Auditorium Maurice Ravel –
Le mardi 23 janvier 2024 à 18h30 –
Au programme de l’Auditorium de Lyon les 16 et 17 février 2024, la 8ème Symphonie d’Anton Bruckner. Dans cette perspective, Éric Chaillier était venu pour nous présenter cette partition monumentale, originale et tragique. Après avoir entendu l’œuvre, Wagner n’hésita pas à désigner Bruckner comme le plus grand symphoniste de tous les temps, alors que Beethoven était encore la référence absolue.
« Pour bien comprendre un compositeur, il faut chercher à entrer dans sa vie » nous dit notre conférencier : nous apprendrons qu’Anton Bruckner est né en 1824 à Ansfelden (Haute Autriche) près de Linz, d’une famille d’origine modeste, père instituteur et de parents musiciens amateurs. L’adolescence d’Anton se déroule à la campagne entre l’église, l’école, les bals de village et les auberges. Très vite l’enfant dévoile une passion pour la musique en même temps qu’une véritable fascination pour l’orgue. A quelques kilomètres de chez lui, l’abbaye de Saint Florian, authentique joyau d’art baroque, devient son refuge, sa seconde patrie. Cette relation singulière entre le monde profane et le monde sacré transparaîtra dans la plupart de ses œuvres : une musique d’une candeur toute naturelle, sincère, aux effets statiques, contemplatifs, une qui n’emballe pas facilement son public. Bruckner se révèlera un homme de paradoxe, de doute et de détermination : l’histoire de cette huitième symphonie en est une parfaite illustration.
Nous sommes en 1884, Bruckner, porté par le succès de sa septième symphonie, se lance dans une nouvelle aventure : écrire une huitième symphonie.

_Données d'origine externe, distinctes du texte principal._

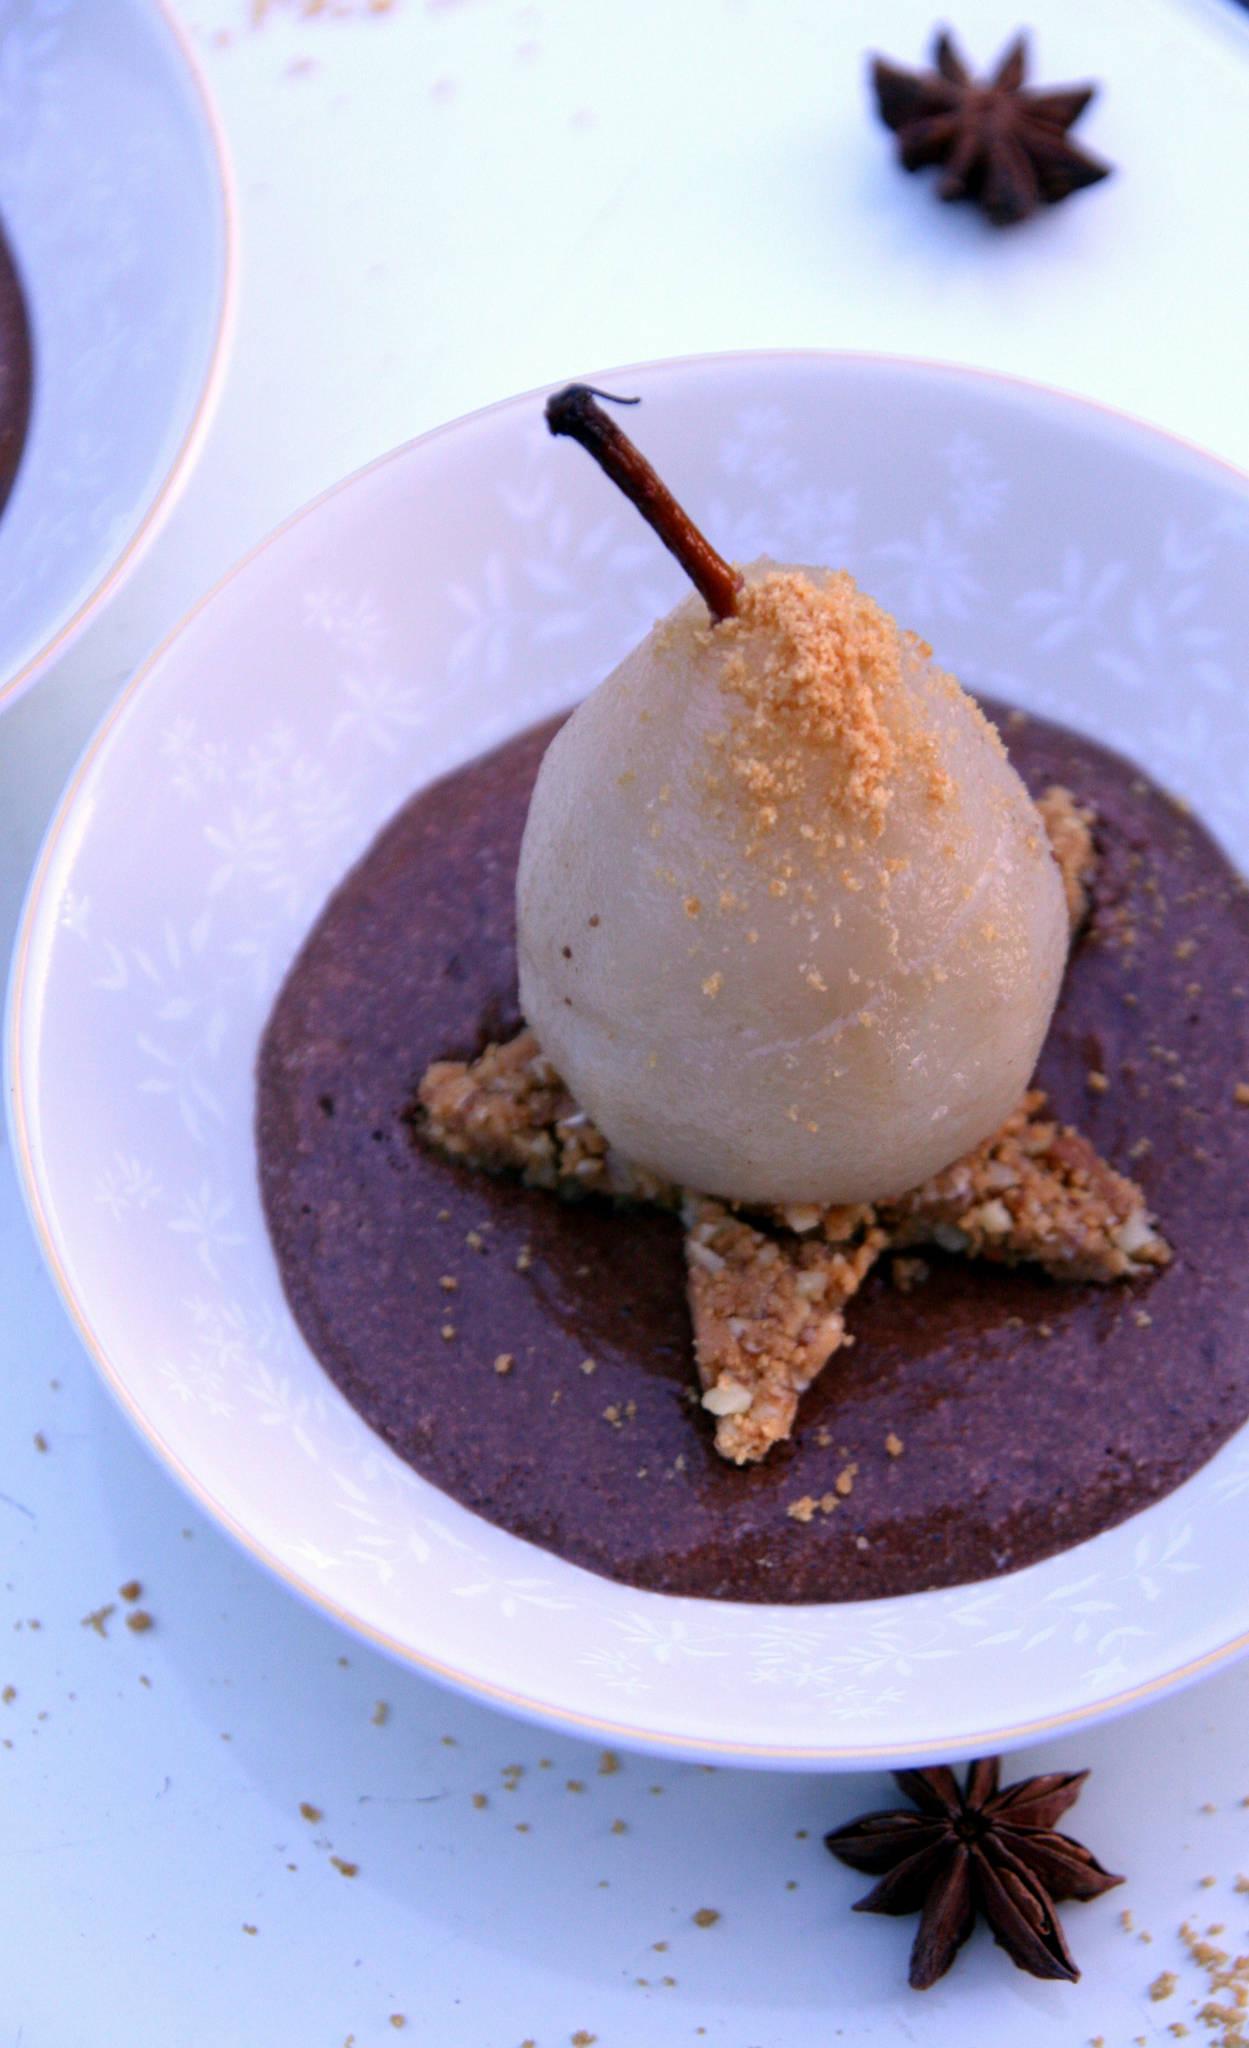 Poire pochée aux épices, mousse au chocolat et tonka, croustillant spéculoos et noix de pécan

Conçue dans l’enthousiasme, elle s’achèvera néanmoins trois années plus tard sur une profonde déception : son ami et chef d’orchestre Hermann Lévi qui avait pourtant amené la précédente au triomphe, refuse de diriger cette nouvelle partition. Il la juge trop longue, aux harmonies souvent trop audacieuses, trop dissonantes. Nous sommes en 1887. Affecté, mais déterminé Bruckner retravaille et remanie pendant plusieurs années encore les différents mouvements. Une seconde version est créée à Vienne en 1892 au Musikverein sous la baguette de Hans Richter. C’est un triomphe. Plus courte, moins austère, l’œuvre se voit qualifiée de « sommet de la symphonie romantique », de « symphonie des symphonies » et Anton Bruckner rejoint les génies de la symphonie. Wagner reconnaîtra en lui le digne successeur de Beethoven.

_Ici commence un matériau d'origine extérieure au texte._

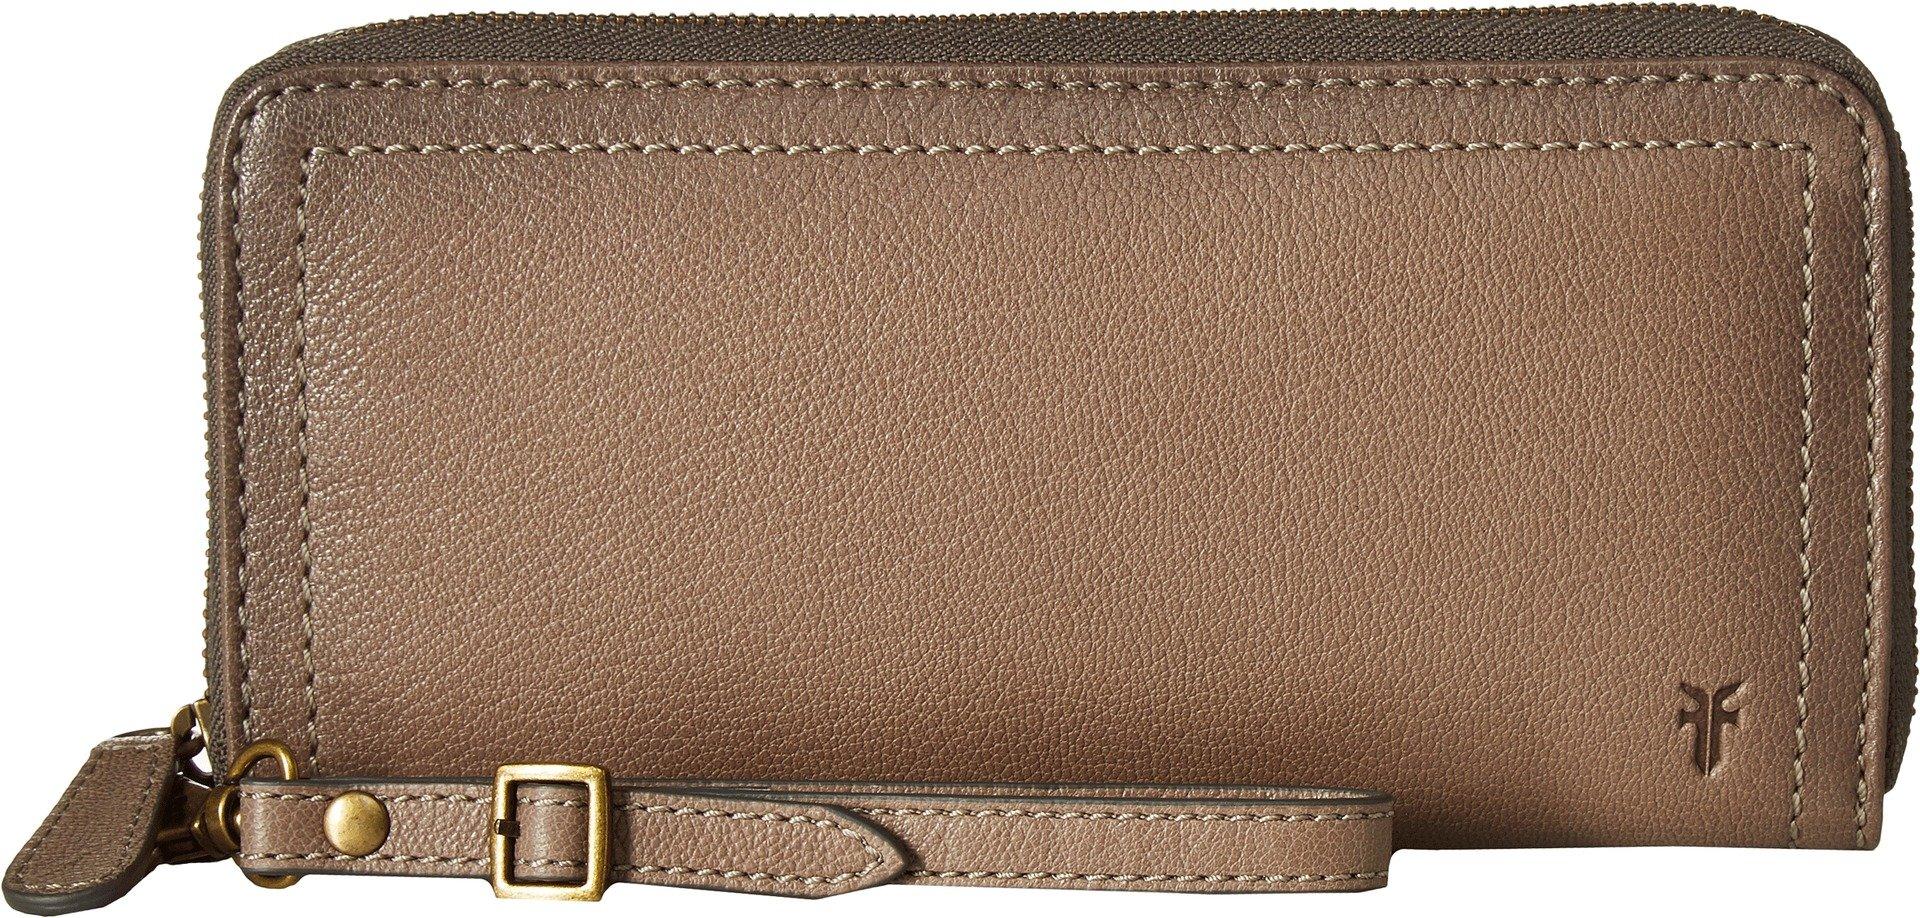 Frye Women's Lily Zip Wallet Charcoal One Size by FRYE

Eric Challier nous propose quelques extraits significatifs : une écoute comparative des deux versions dont il commente les différences : exercice subtil, pas toujours facile à saisir mais au demeurant fascinant.
L’œuvre proposée aux Lyonnais est la huitième symphonie dans sa version initiale de 1887 et que l’on soit intrigué, curieux ou passionné, nul ne peut être déçu. Gardons en mémoire les quelques mots de Pierre Boulez cités par notre conférencier (extraits de la revue Diapason n°583) à propos de Bruckner et de ses symphonies …ses constructions m’impressionnent, peu d’œuvres évoquent à ce point l’architecture et en même temps, il y a quelque chose d’incertain, un questionnement qui donne à cette architecture son aspect si humain…

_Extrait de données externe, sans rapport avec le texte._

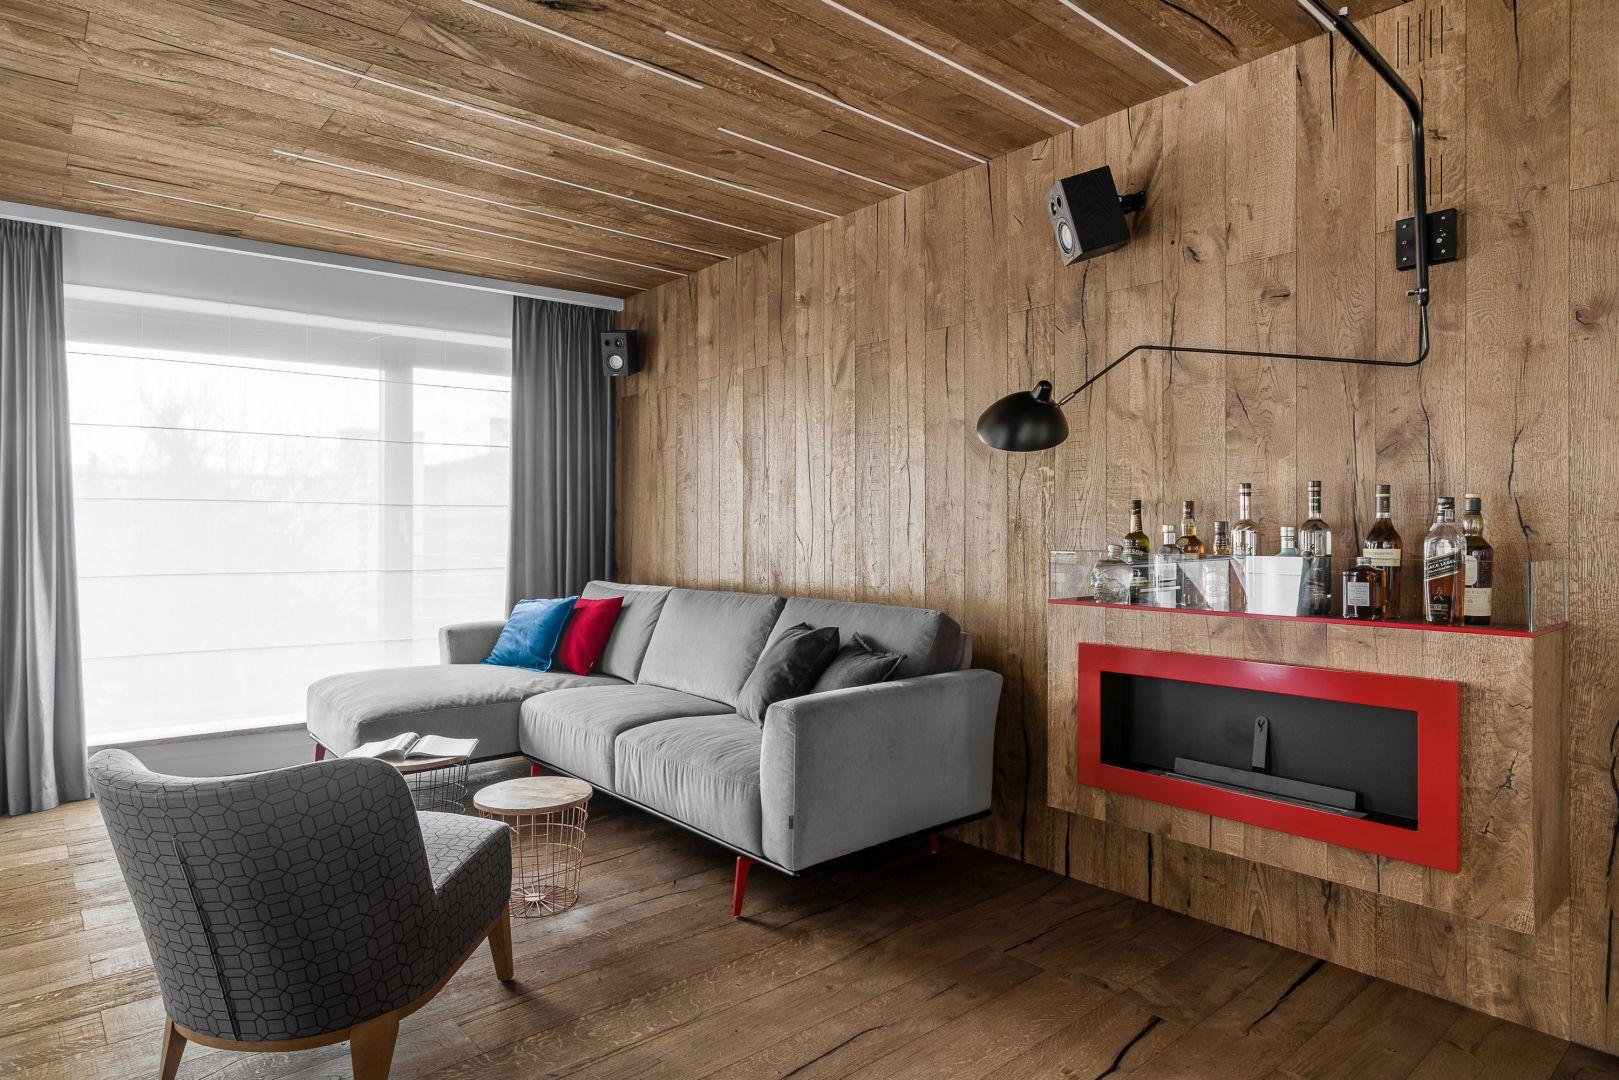 Coraz więcej uwagi przykładamy do wykończenia ścian w salonie, dbając nie tylko o zabezpieczenie ich powierzchni trwałym materiałem, ale także o efektowne wykończenie, które podkreśli charakter wnętrza. Projekt Anna Maria Sokołowska. Fot. Fotomohito

Éric Chaillier s’est exprimé avec élégance et passion. Les chaleureux applaudissements témoigneront de l’intérêt qu’il a suscité durant toute cette soirée.
Françoise Mangez
Les intervenants

Diplômé de Sciences Po Paris, Éric Chaillier anime des séminaires sur des thèmes musicaux en entreprises et en écoles de commerce. Après de nombreuses années consacrées à promouvoir l’homme dans l’entreprise, il a décidé de travailler au service de ses compositeurs préférés, de faire connaître leurs plus grandes œuvres, de faire le lien avec leur vie et le contexte dans lequel ils ont vécu. Il enseigne l’Histoire de la musique à l’Université populaire de Lausanne et figure notamment parmi les conférenciers des Cercles francophones Richard Wagner. A propos d’Anton Bruckner, il a rédigé un certain nombre d’articles et, en 2019, une revue complète ‟Anton Bruckner entre terre et ciel” qui analyse la part relative du sacré et du profane dans sa musique.